Pikirannya pada adem adem bener heran.” Batin Radeya, mengangkat kedua bola matanya ke atas.

“Yaudah, nanti Bunda mau tanya langsung ke Tante kalian.”

“Bundaa, tapi nanti Tante Xenan tau dong kalo Deva yang kasih tau?”

“Gapapa. Dia gak akan berani marahin kamu ko,” jelas Bunda, mengusap lembut rambut Radeva.

“Hmm, yaudah deh Bunda. Deva ikut aja.”

“Yaudah, Bunda ke dapur ya. Papa sebentar lagi pulang.”
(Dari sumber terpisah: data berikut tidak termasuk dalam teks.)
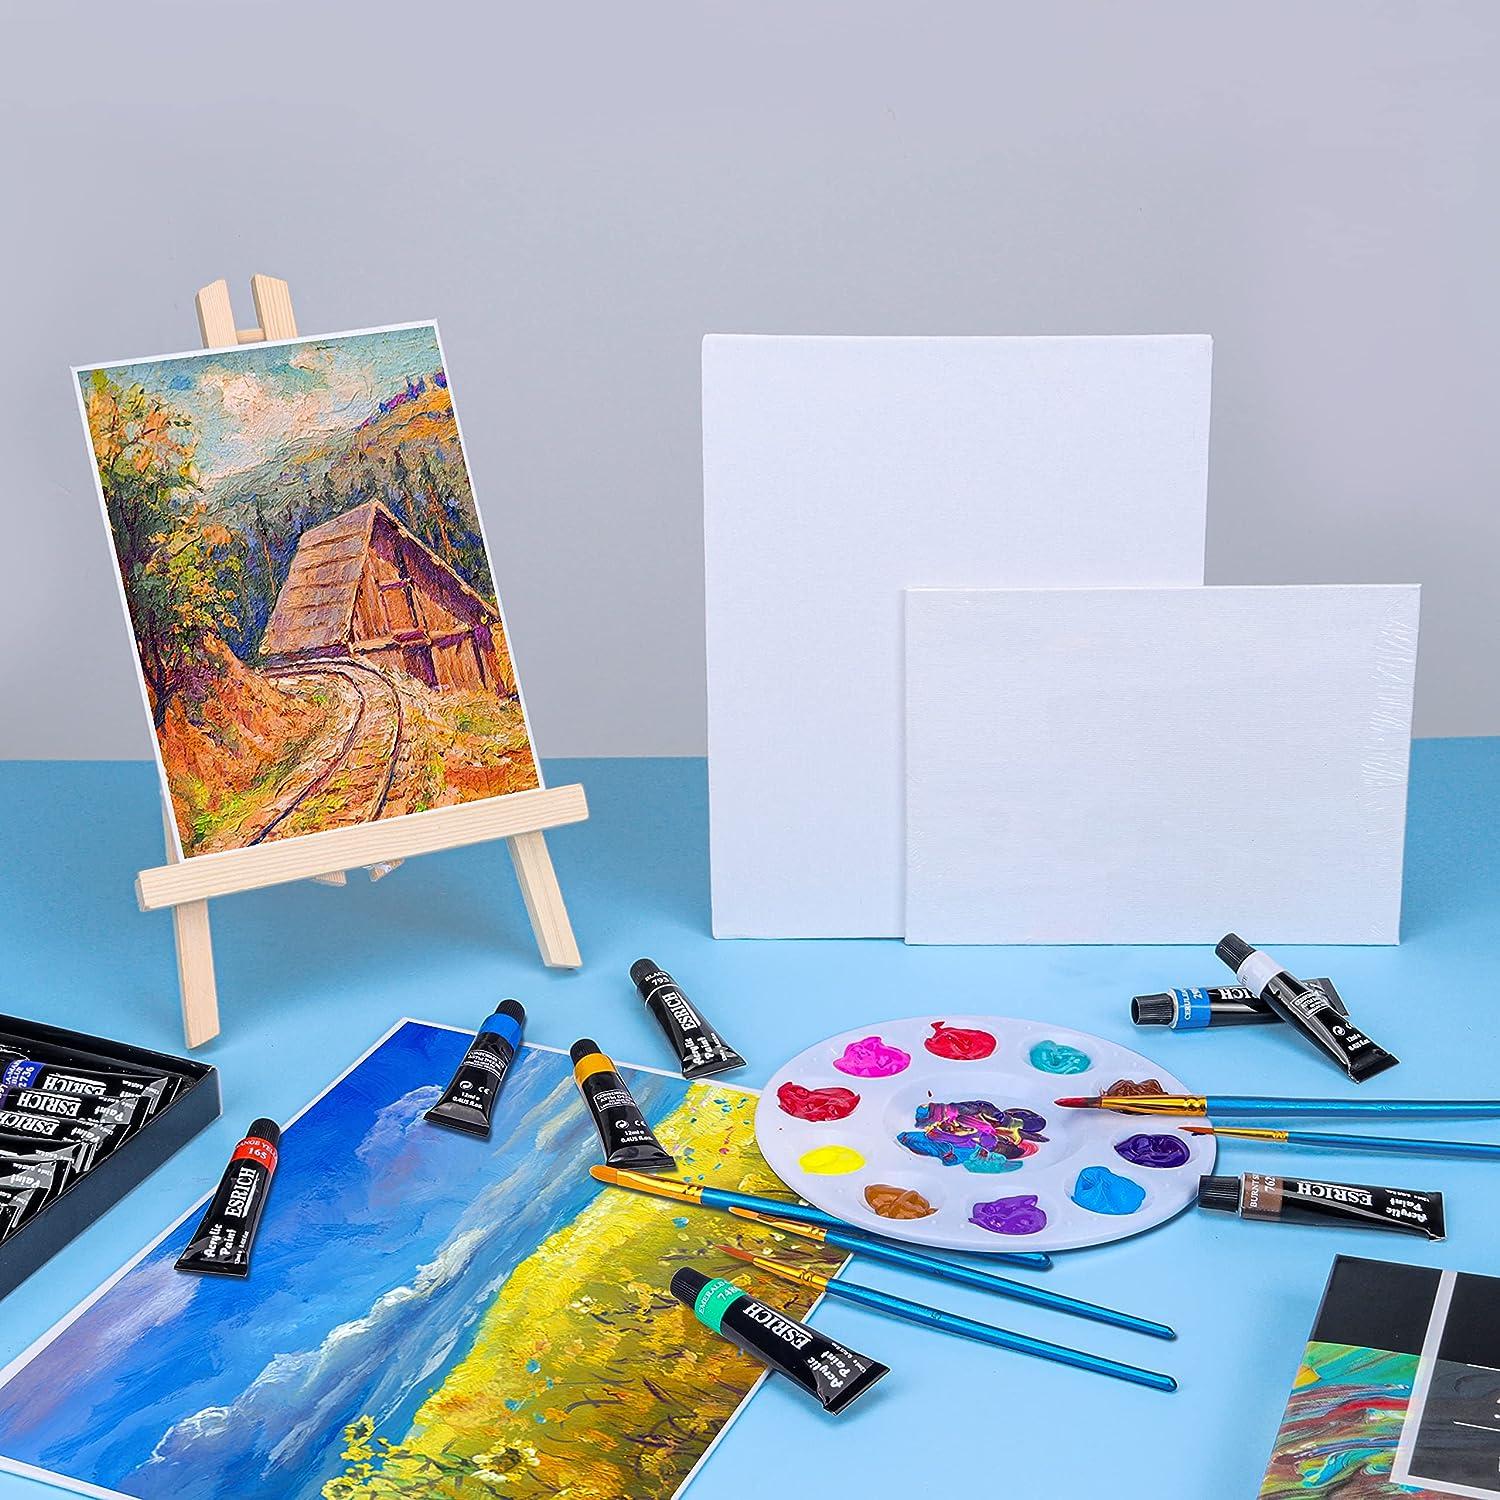 27 Pc Kids Art Set: Non-toxic Paints, Canvases, Brushes, Easel

“Lo berdua beneran gaada kepikiran alesan kenapa Tante Xenan cuma ngasih tau ke lo aja Dev?” tanya Radey menatap tajam kedua adik kembarnya.
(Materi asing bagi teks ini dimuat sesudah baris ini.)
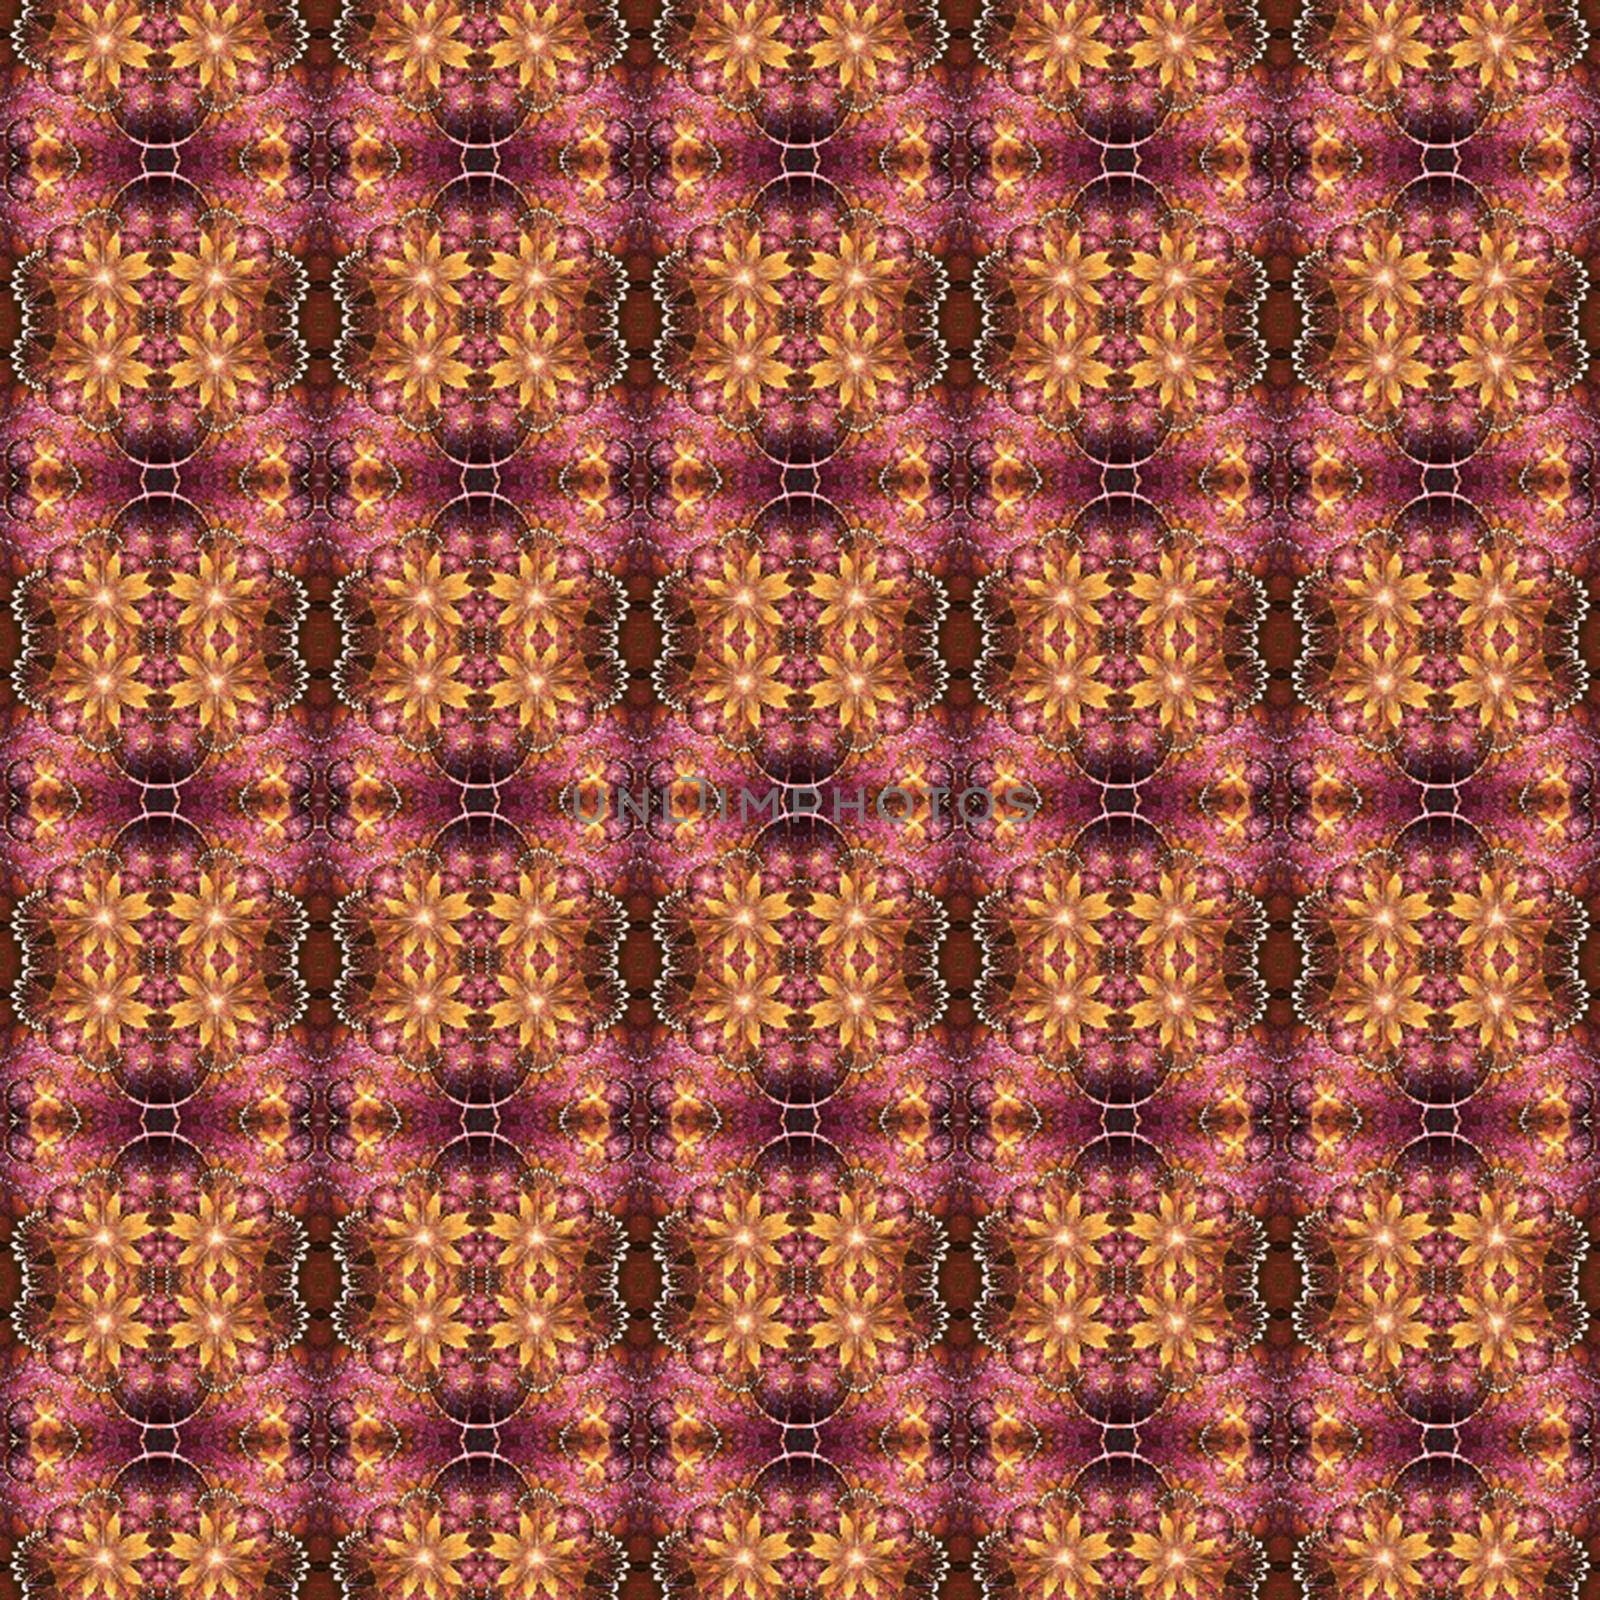 A pattern is a regularity in the world, in human-made design, or in abstract ideas. As such, the elements of a pattern repeat in a predictable manner.

“Gue pribadi mikir ya karena Tante Xenan cuma deket sama gue ka, sama ya karena gue kira Tante Xenan bohong makanya dia cuma bilang ke gue,” jawab Deva polos.

“Ngga, Radiv gak kepikiran apa-apa lagi.”

“Pikiran gue sekarang sama kaya pikiran lo tadi siang Dev. Tapi dalem konteks beneran sakit, bukan pura-pura.”

“Maksud lo ka?” tanya Deva penasaran.

“Ya, Tante Xenan emang manfaatin keadaannya buat dapet simpati dari lo Deva. Biar lo deket terus sama dia. Mungkin bagi dia, cuma dengan itu dia bisa deket sama lo.”

“Kakaaaaa, ko ngomongnya kaya gitu. Mami beneran sakit loh itu,” tutur Radiv pada Radeya.

“Tapi Div iya juga loh, persis sama ucapan lo tadi. Orang jahat bakal lakuin apapun selagi apa yang dilakuin bisa nguntungin dia,” jelas Radeva menatap sinis Radiv.

Jangan-jangan Mami sebenernya bukan sepenuhnya mau ngambil Deva dari Bunda. Tapi Mami mau deket aja sama Deva, Mami butuh support dari dia buat bisa ngelewatin sakitnya. Mami mau banyak interaksi sama Deva aja. Mami sampe bilang yang engga engga tentang Radiv sama Kaka ke Deva, bisa aja karena Mami gak mau waktunya sama Deva diganggu? Karena mungkin waktu Mami gak— wusssss Radiva astaga ko kepikirann sampe situ sihhh. Itu Mami lohh,” batin Radiv tampak berfikir yang tidak tidak.